However, in rural communities, owing to the dispersed population, active transportation is less likely an option. As a result, increasing access to programming in multiple locations spread throughout rural communities (e.g., churches, senior centers, school buildings), developing or updating shared-use policies, and enhancing existing recreational facilities to meet older adults’ needs might reach a larger percentage of this group than built environment changes.[35] In addition, many rural communities may not have an adequate tax base to make extensive built environment changes such as widening shoulders; thus, starting with smaller changes, such as repainting crosswalks or adding pedestrian signs, might be more feasible.[35] Parks and recreation areas are another aspect of the environment that supports PA. Evidence suggests that creating and maintaining walking trails, biking trails, and sport fields and offering organized PA programming within parks can promote physical activity.[44]

As mentioned, safety is a major environmental barrier to PA within the older adult population. Environmental changes can reduce these concerns. For instance, adequate lighting could reduce fear of crime and personal safety concerns, and well-maintained walking paths could reduce the risk of falling. While environmental change is not without costs, studies have shown that building pedestrian trails reduces health care costs associated with physical inactivity. For example, every dollar invested in building trails saves nearly $3 in medical costs.[45] Also, linking different parts of the community with trails and walkways opens up the opportunity for community integration, more efficient land use, less traffic congestion, a better quality of life, and increased property values.[46] 

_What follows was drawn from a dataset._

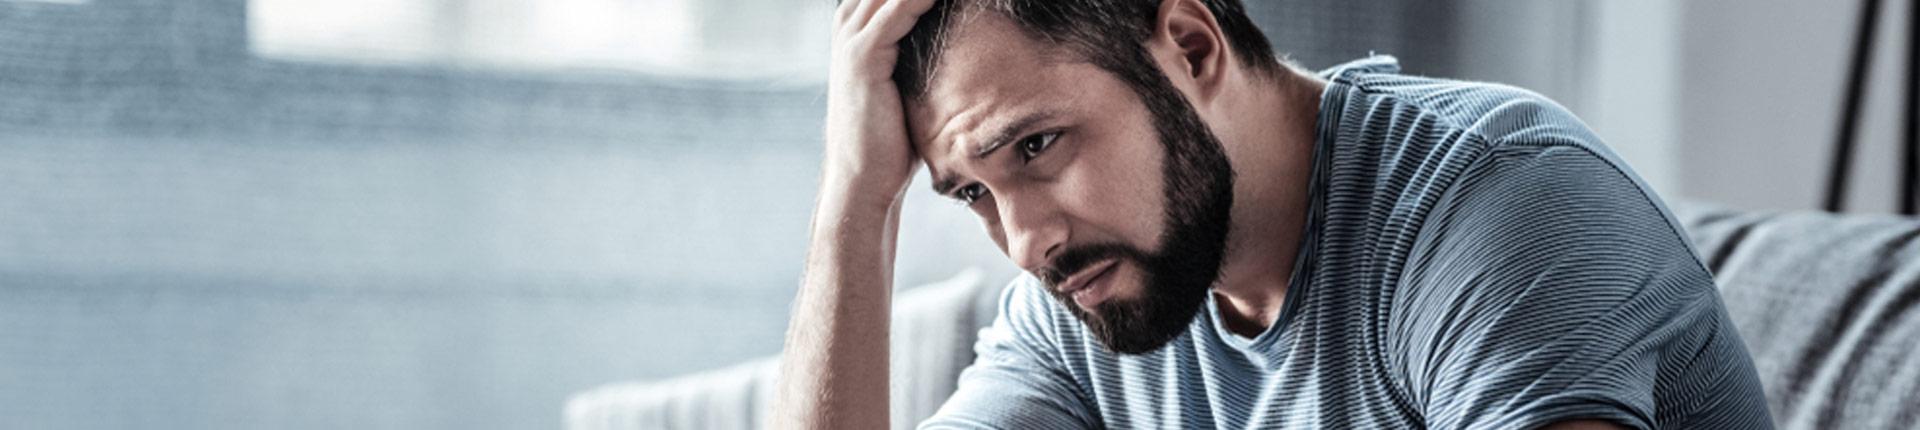 Niedobór kwasów omega-3 może powodować depresję
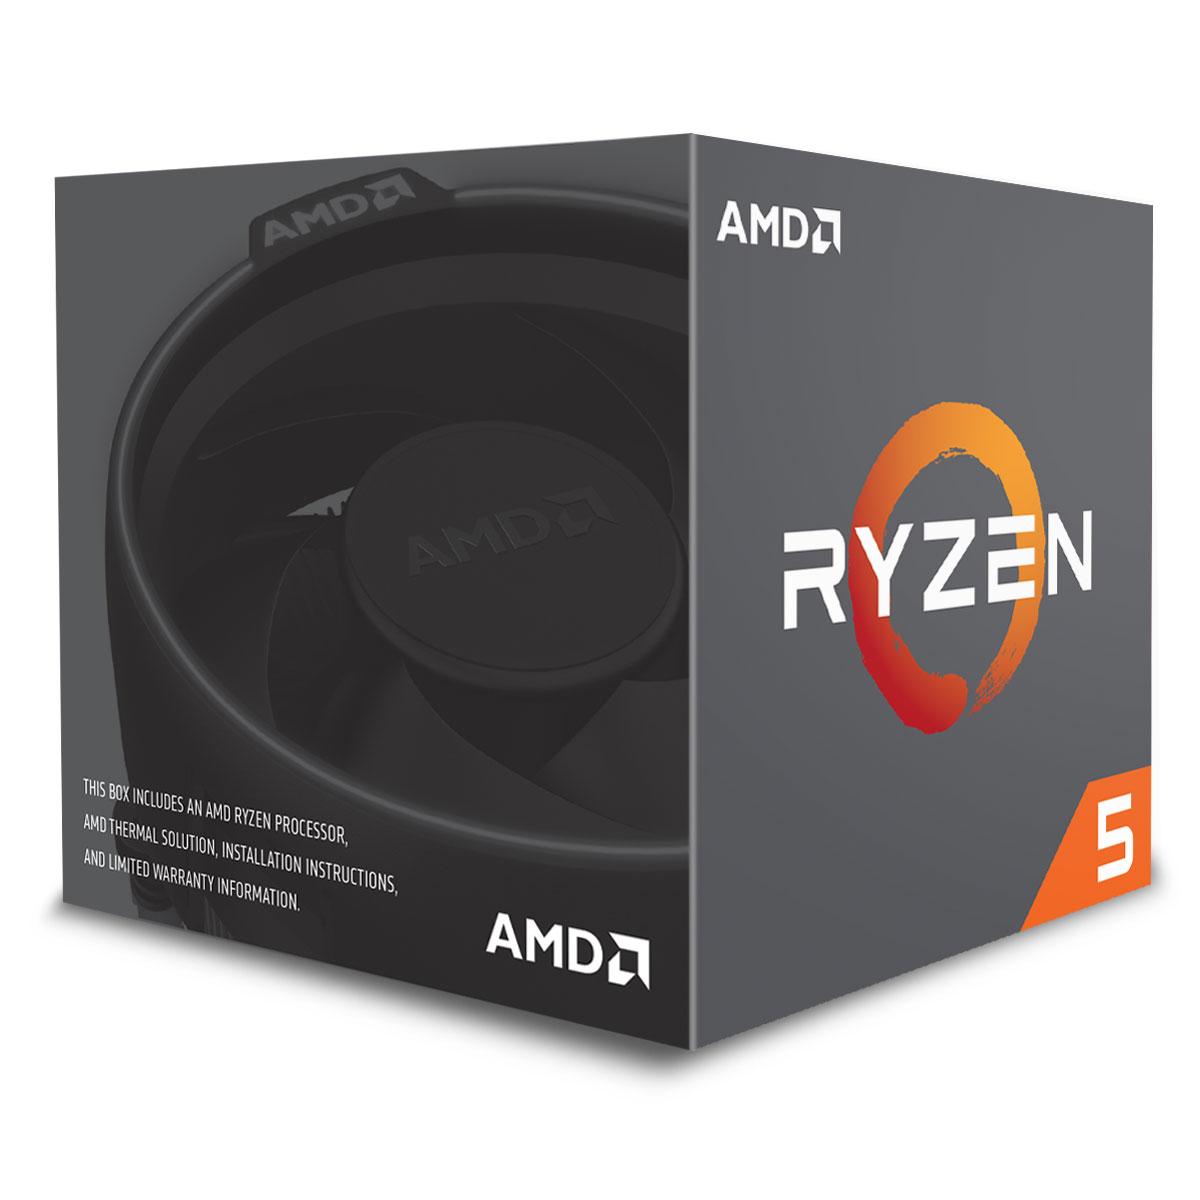 Processeur AMD Ryzen 5 1400 Wraith Stealth Edition (3.2 GHz) Processeur Quad Core socket AM4 Cache L3 8 Mo 0.014 micron TDP 65W avec système de refroidissement (version boîte - garantie constructeur 3 ans)

The mission of the US public health workforce encompasses PA promotion because it is a key strategy in preventing and controlling chronic disease. Therefore, training of the public health workforce needs to include creation of messaging aimed at promoting PA; implementation and evaluation of evidence-based programming, with attention to the diversity of environments (e.g., geography, resource base) and the racial, ethnic, and linguistic diversity of older adults; advocacy for environmental policies; and use of surveillance data (e.g., data from the National Health and Nutrition Examination Survey and the Behavioral Risk Factor Surveillance System) to monitor progress toward promoting PA.[47] Public health practitioners are in a key position to implement evidence-based programming, advocate for environmental changes aimed at older adults, and monitor progress toward increasing PA levels in this group. There is evidence to support the effectiveness of brief counseling by health care providers[48] and the use of exercise prescriptions[49] to promote PA among older adults. However, barriers to promoting PA frequently reported by health care providers include lack of training on counseling approaches, lack of education on PA recommendations, and lack of support, time, and resources.[48]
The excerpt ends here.